I really don't think so. Non qualified plans get very few benefits....in fact, I should think getting paid anything from the plan is going to be simply considered current income. An unqualified plan of this type is essentially just an agreement between you and your employer on some future salary payment. (You might have some options of putting it into a Roth IRA, after you pay the tax on it, but that would take some more review).
A qualified employee plan is an employer's stock bonus, pension, or profit-sharing plan that is for the exclusive benefit of employees or their beneficiaries and that meets Internal Revenue Code requirements. It qualifies for special tax benefits, such as tax deferral for employer contributions and capital gain treatment or the 10-year tax option for lump-sum distributions (if participants qualify). To determine whether your plan is a qualified plan, check with your employer or the plan administrator.
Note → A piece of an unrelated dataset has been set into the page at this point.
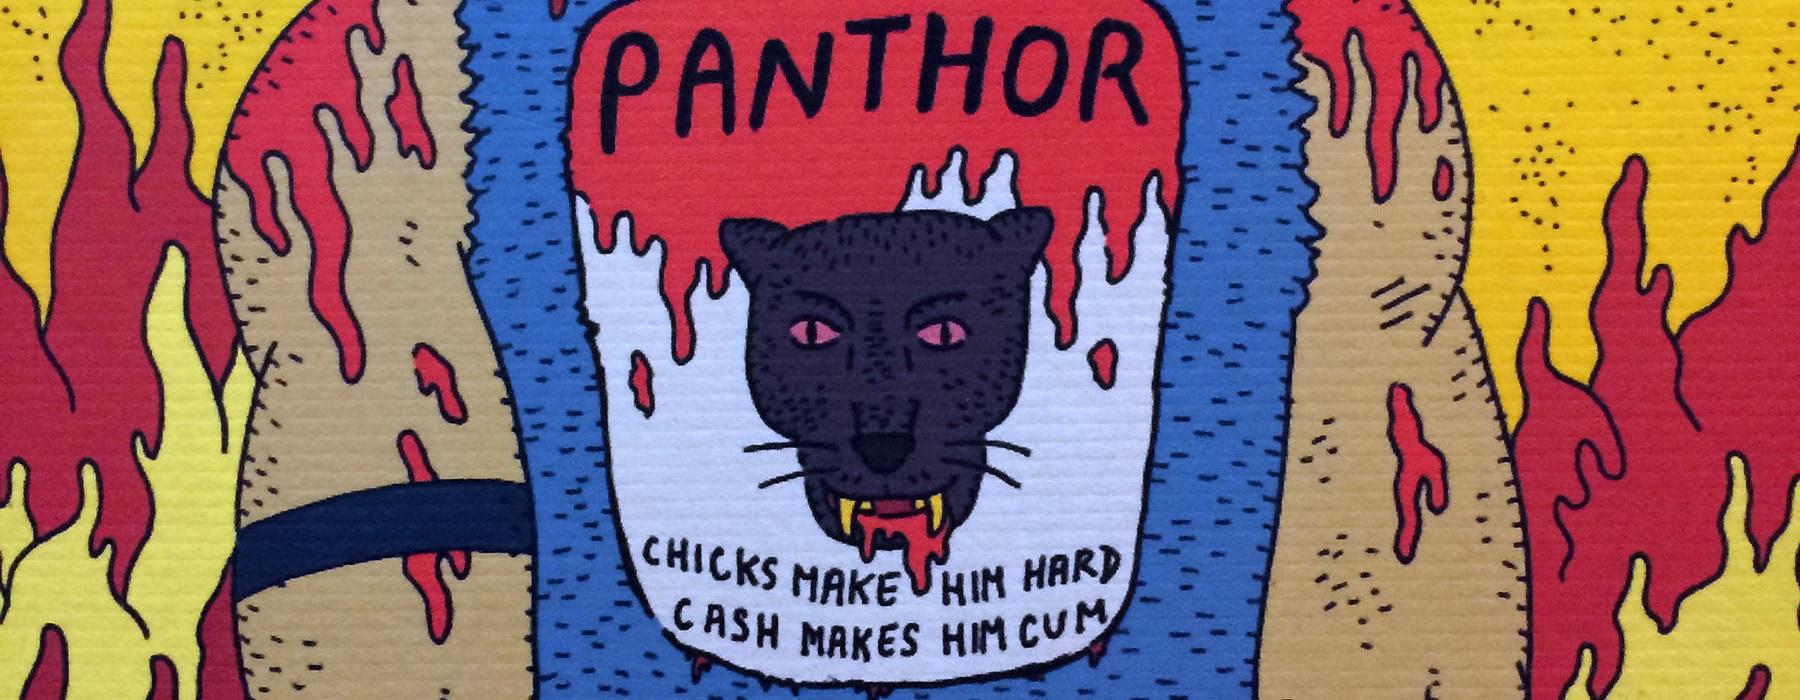 panthor_banner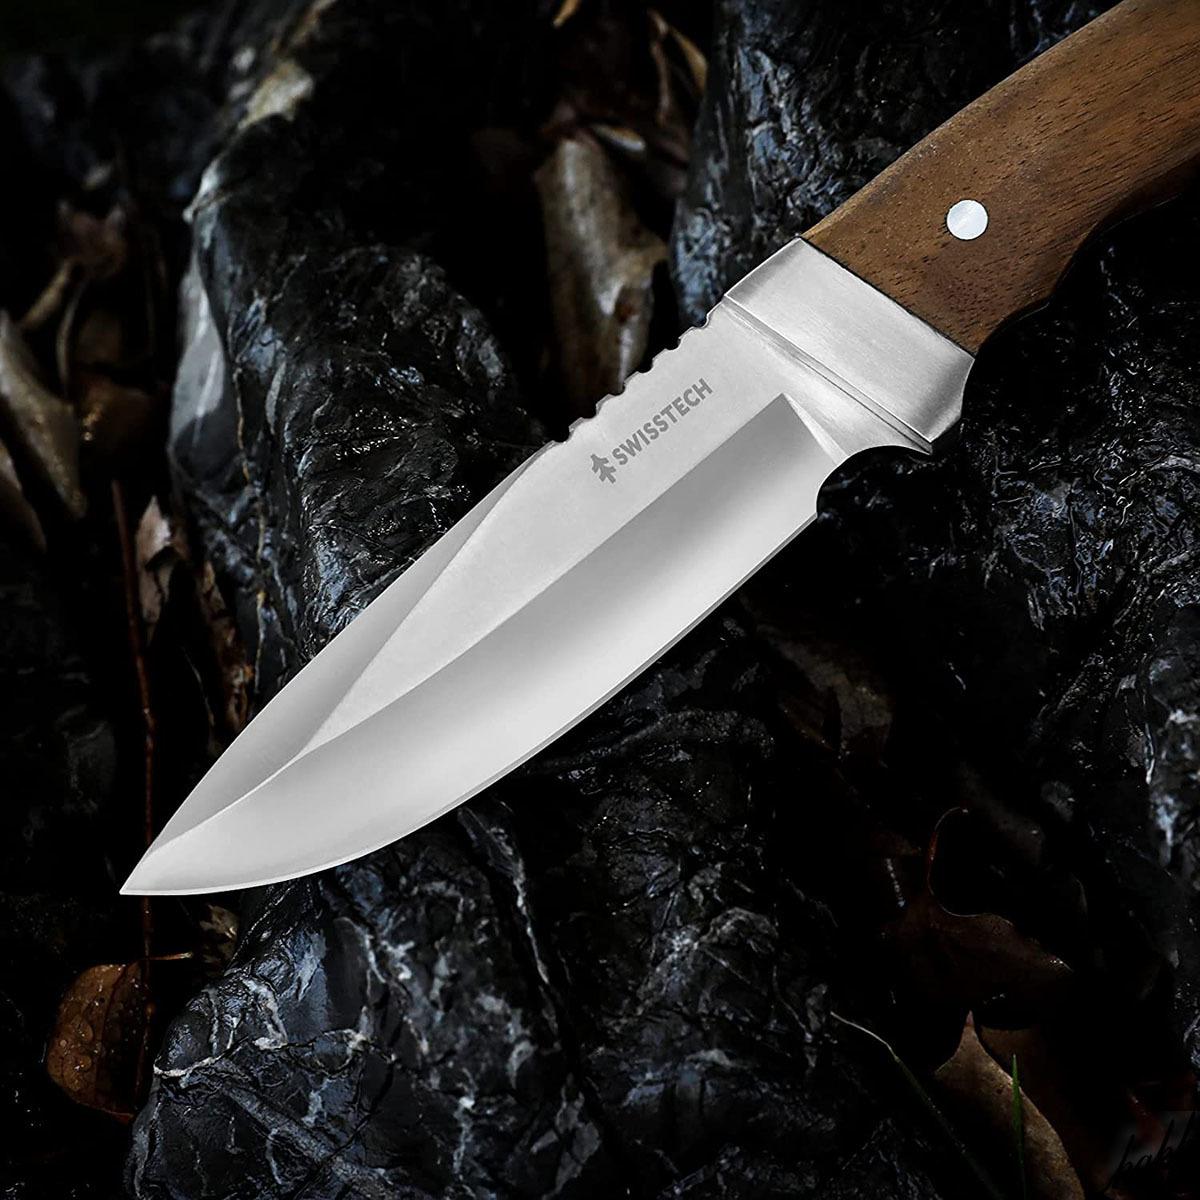 【手に馴染む天然ウッドハンドル】 シースナイフ フルタング ステンレス鋼 ドロップポイント バトニング 専用ケース付き

A rollover occurs when you withdraw cash or other assets from one eligible retirement plan and contribute all or part of it within 60 days to another eligible retirement plan. This transaction is not taxable but it is reportable on your Federal Tax Return. You can roll over most distributions except for: # The nontaxable part of a distribution, such as your after-tax contributions to a retirement plan (in certain situations after- tax contributions can be rolled over), # A distribution that is one of a series of payments based on your life expectancy or the joint life expectancy of you and your beneficiary or paid over a period of ten years or more, # A required minimum distribution, # A hardship distribution, # Dividends on employer securities, or # The cost of life insurance coverage. Further exclusions exist for certain loans and corrective distributions. Any taxable amount that is not rolled over must be included as income in the year you receive it. If a distribution is paid to you, you have 60 days from the date you receive it to roll it over. Any taxable distribution paid to you is subject to a mandatory withholding of 20%, even if you intend to roll it over later. If you do roll it over, and want to defer tax on the entire taxable portion, you will have to add funds from other sources equal to the amount withheld. You can choose to have your employer transfer a distribution directly to another eligible plan or to an IRA. Under this option, the 20% mandatory withholding does not apply. If you are under age 59 1/2 at the time of the distribution, any taxable portion not rolled over may be subject to a 10% additional tax on early distributions. Certain distributions from a SIMPLE IRA will be subject to a 25% additional tax.